Problem description » Every entry is to be returned as it stands, apart from the pictures.
Segment Start: Recorded data
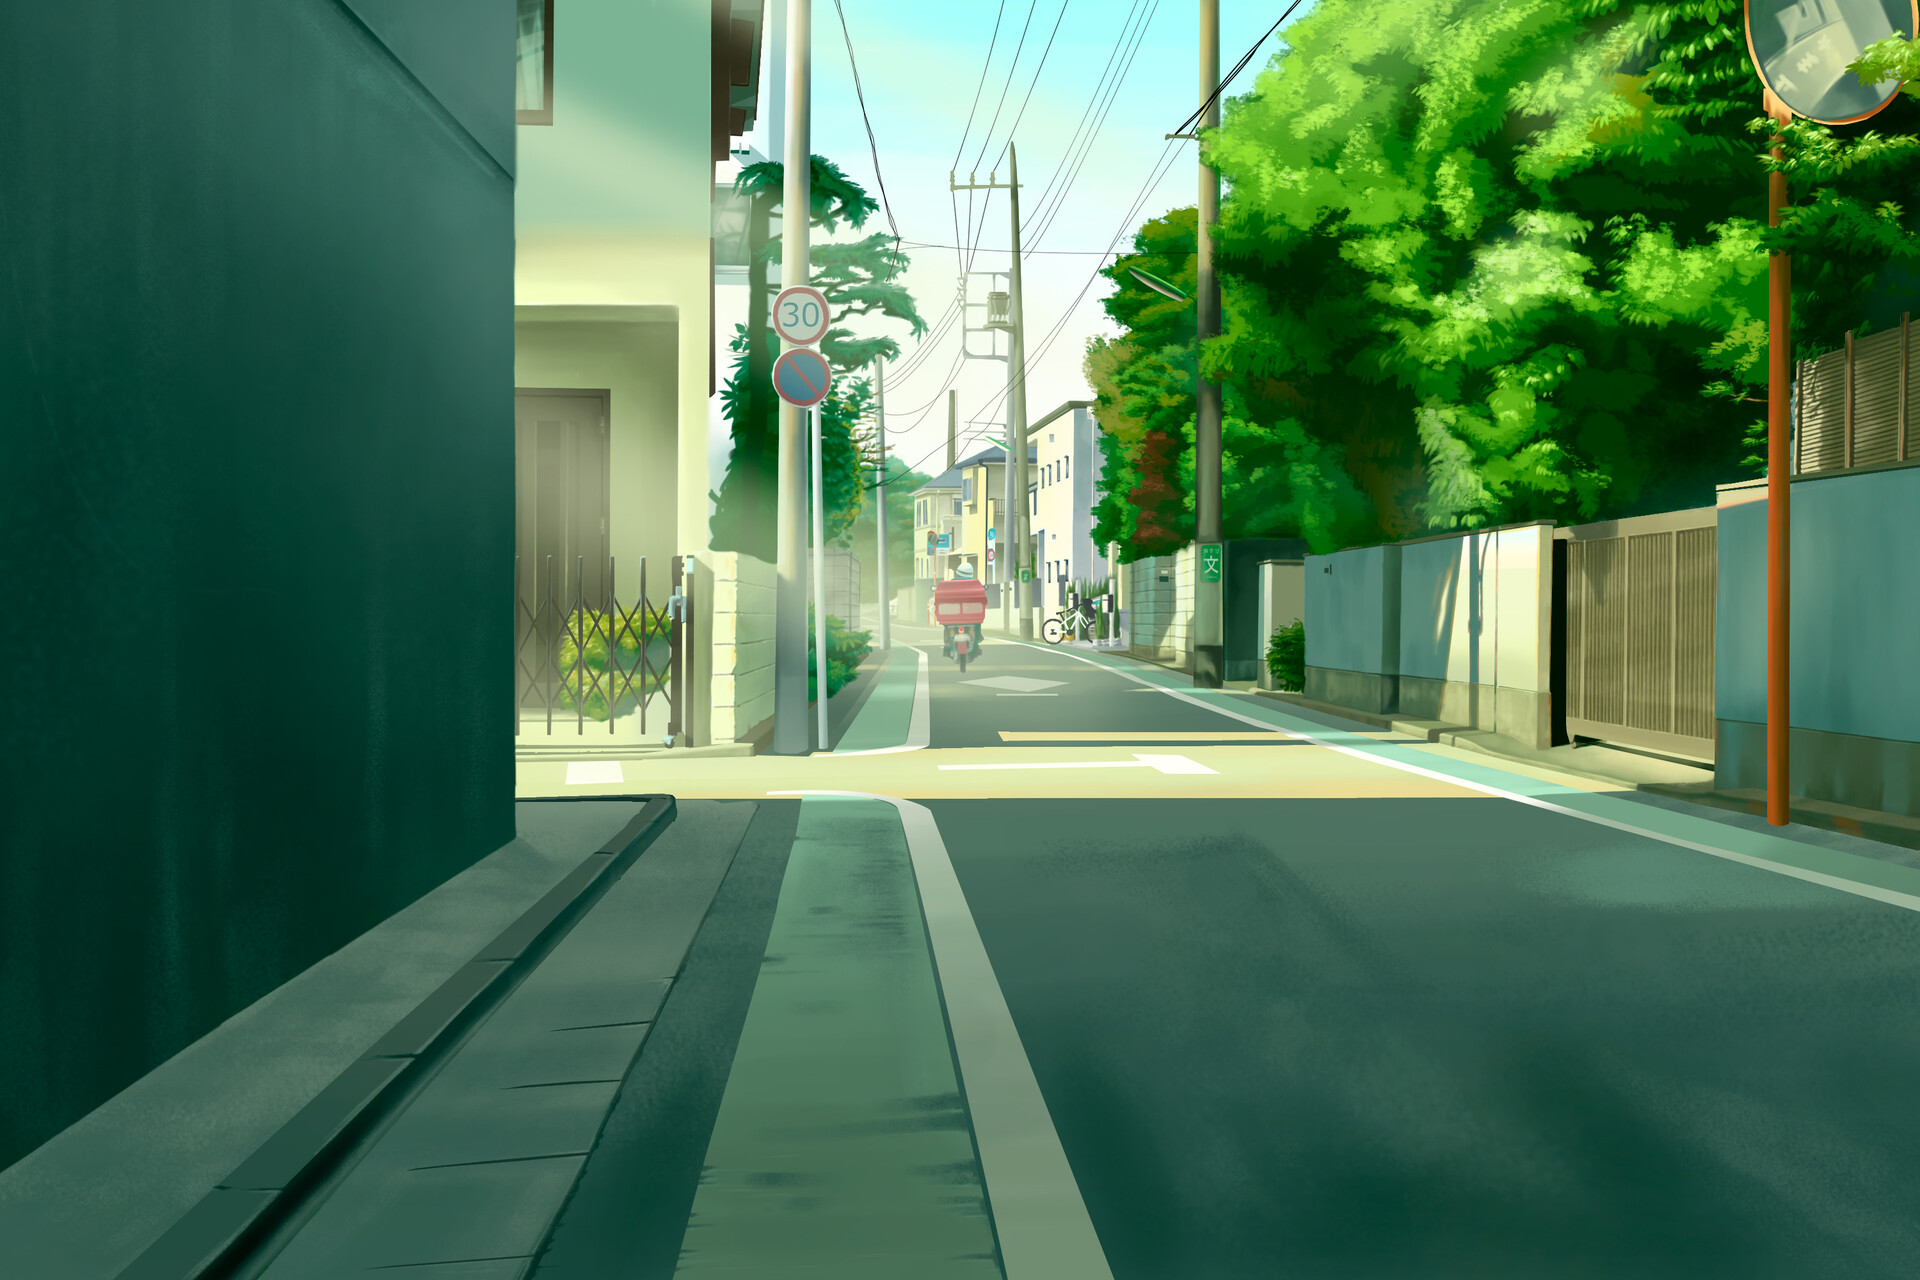 ArtStation - Street of Japan (Animation style)
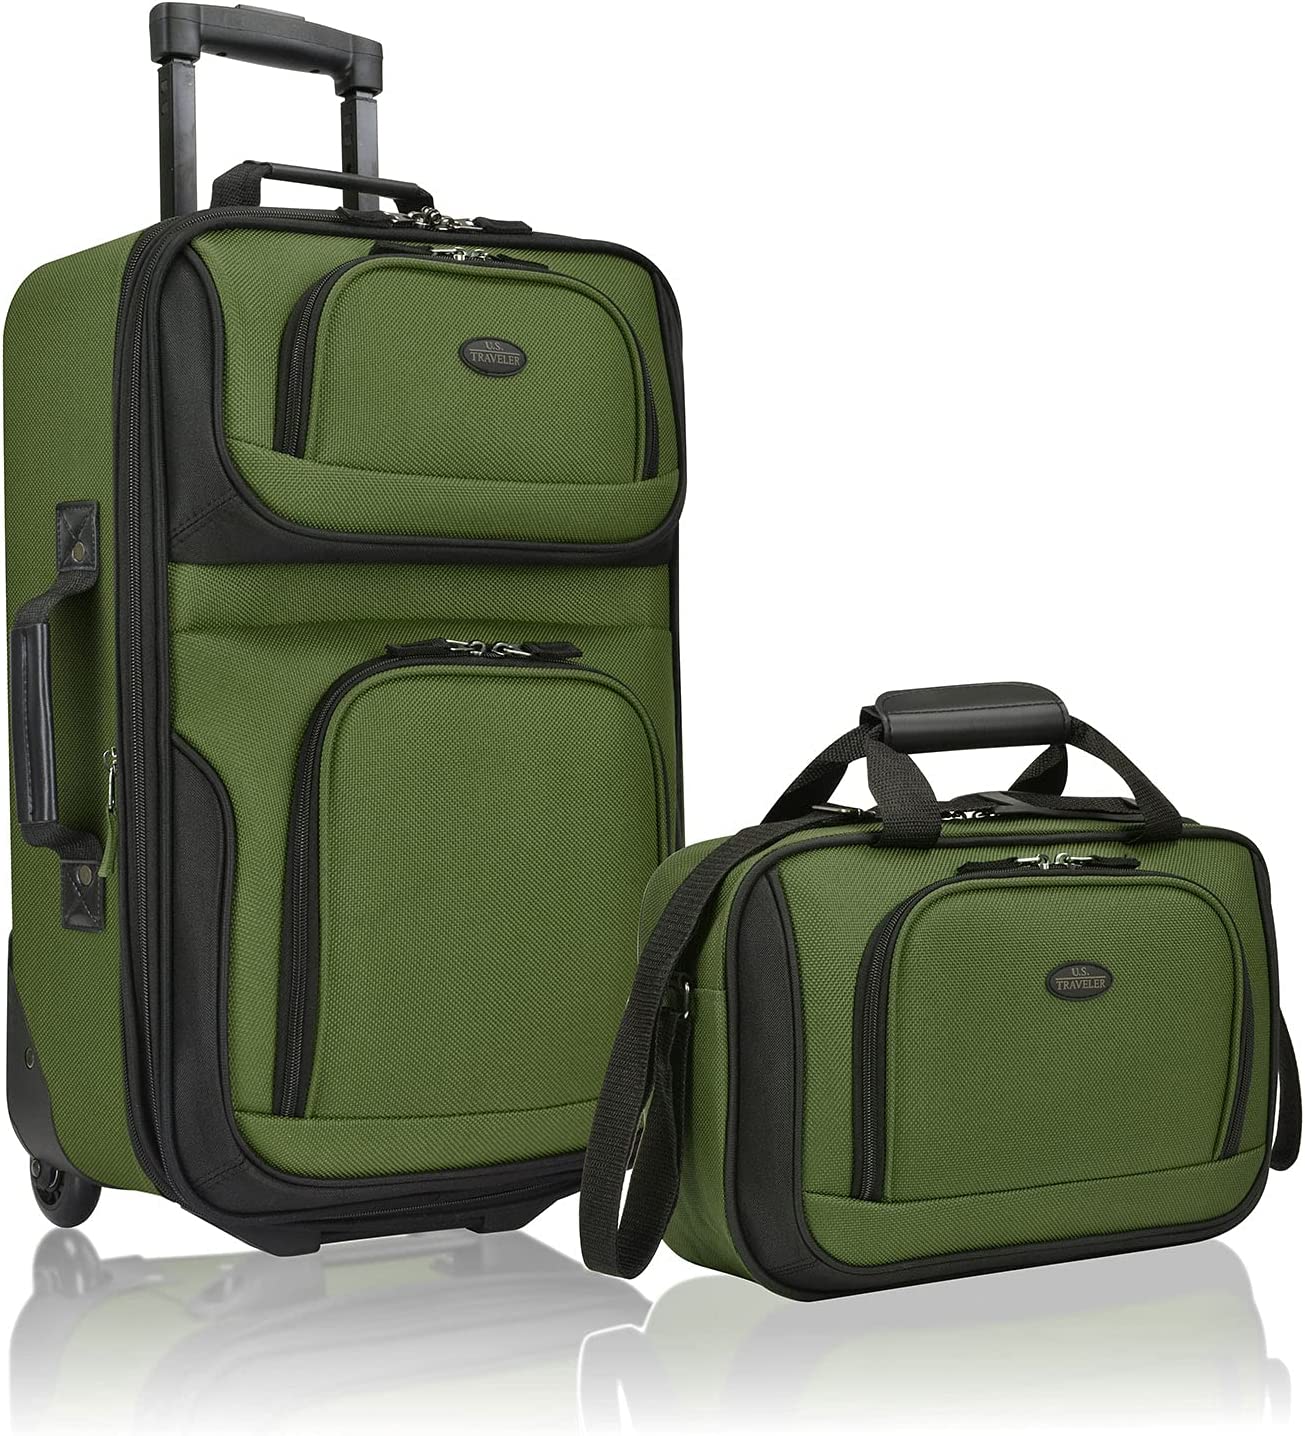 U.S Traveler Rio Easy Carry Luggage Set, 2-Piece
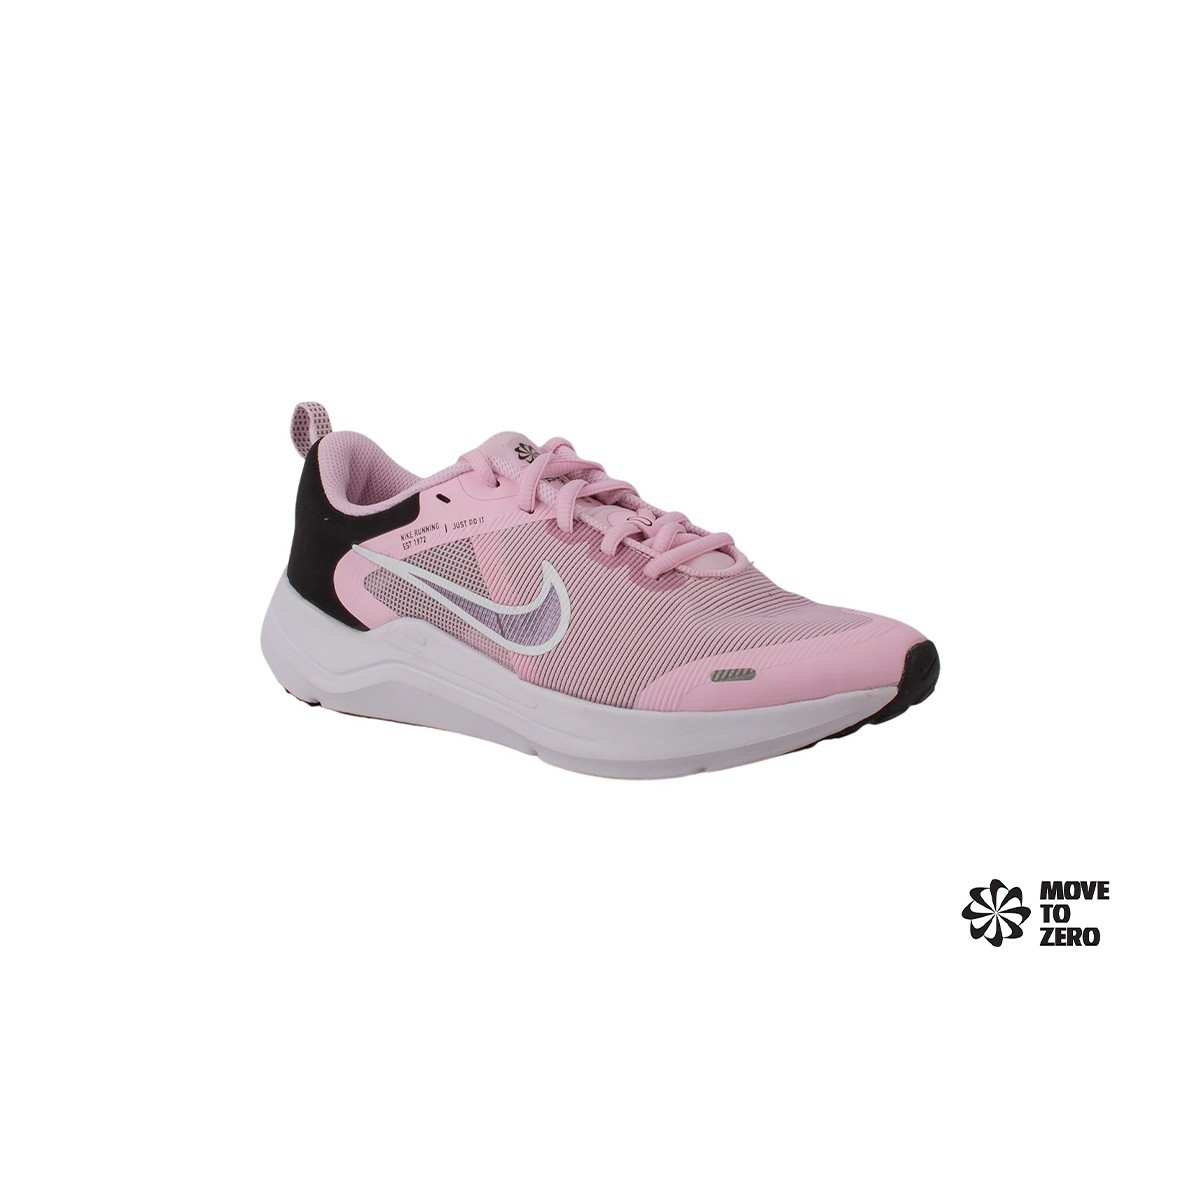 Laboratorio demandante innovación Nike Zapatillas Nike Downshifter 12 Pink Foam Rosa Niño
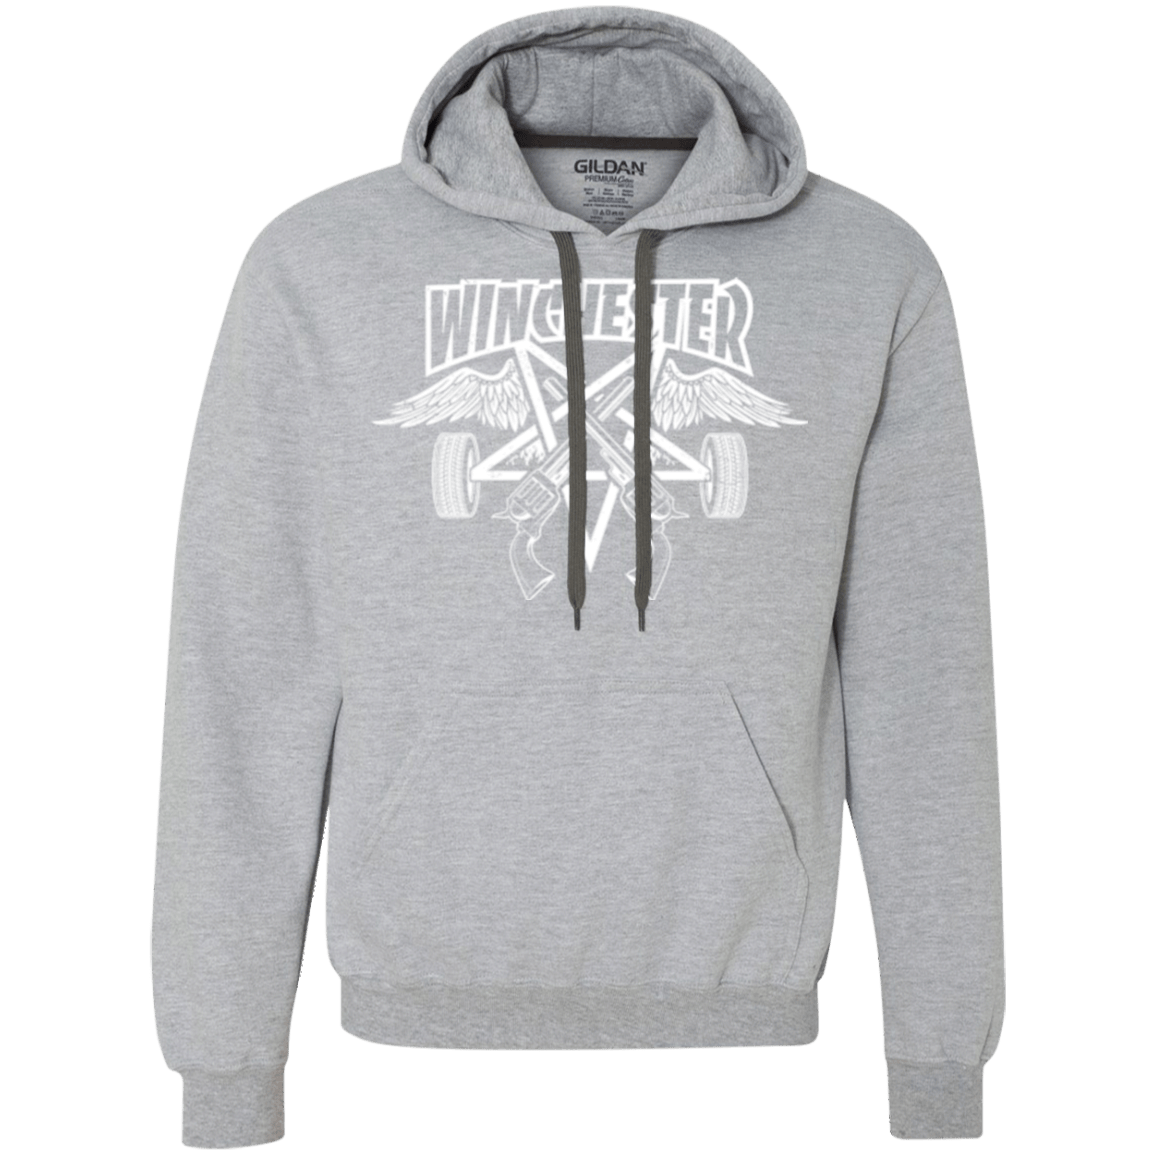 Sweatshirts Sport Grey / Small WINCHESTER Premium Fleece Hoodie
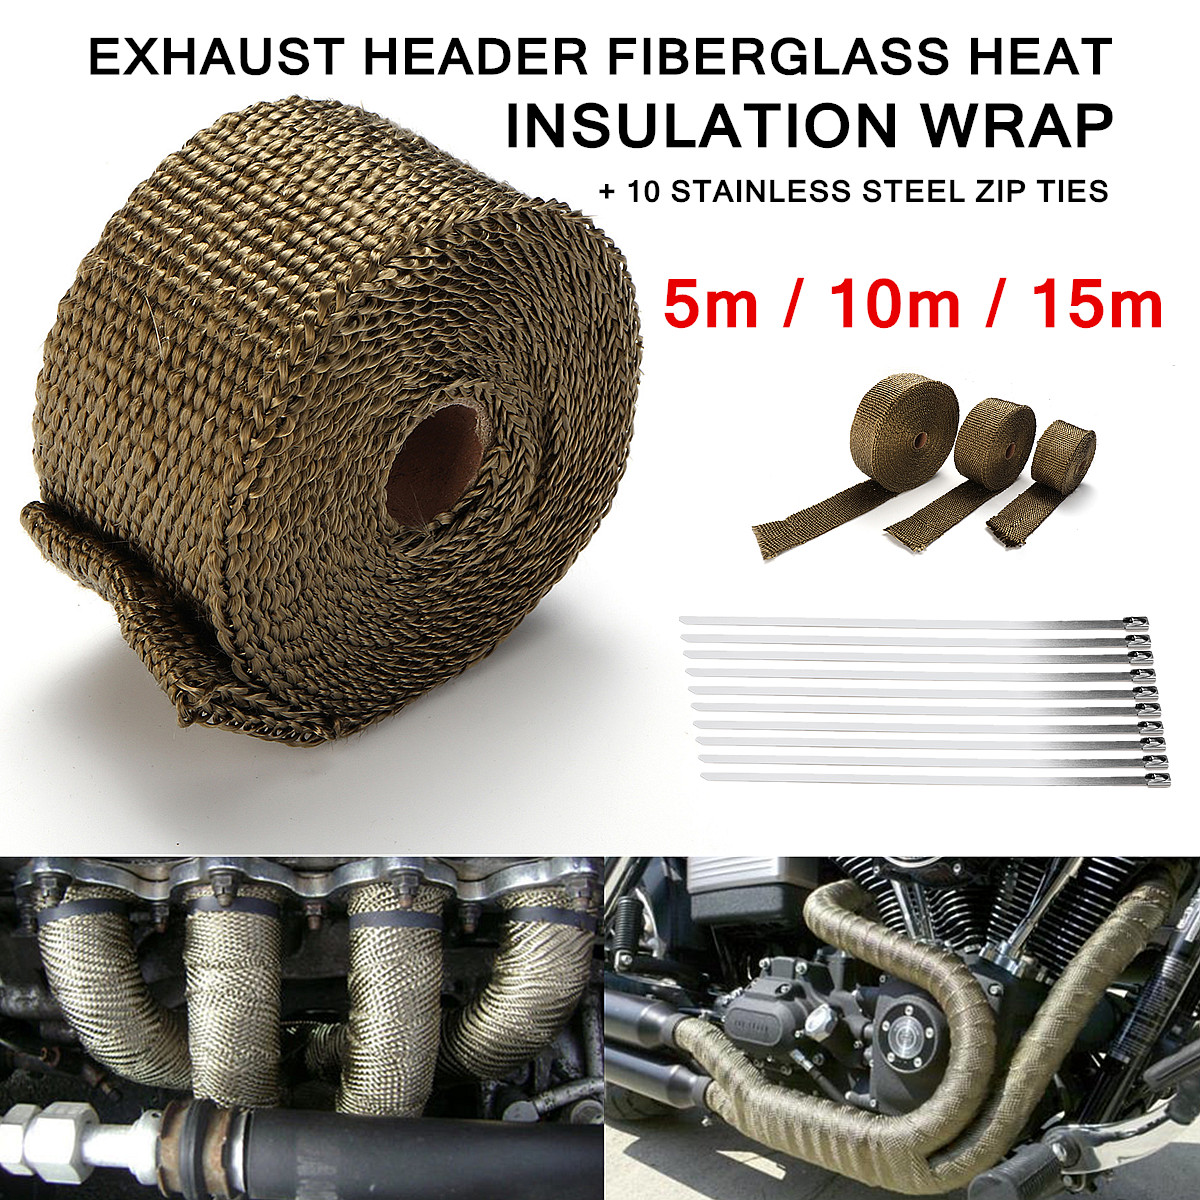 exhaust header fiberglass heat insulation wrap
Segment End: Recorded data
Written response »
 ArtStation - Street of Japan (Animation style)
 U.S Traveler Rio Easy Carry Luggage Set, 2-Piece
 Laboratorio demandante innovación Nike Zapatillas Nike Downshifter 12 Pink Foam Rosa Niño
 Sweatshirts Sport Grey / Small WINCHESTER Premium Fleece Hoodie
 exhaust header fiberglass heat insulation wrap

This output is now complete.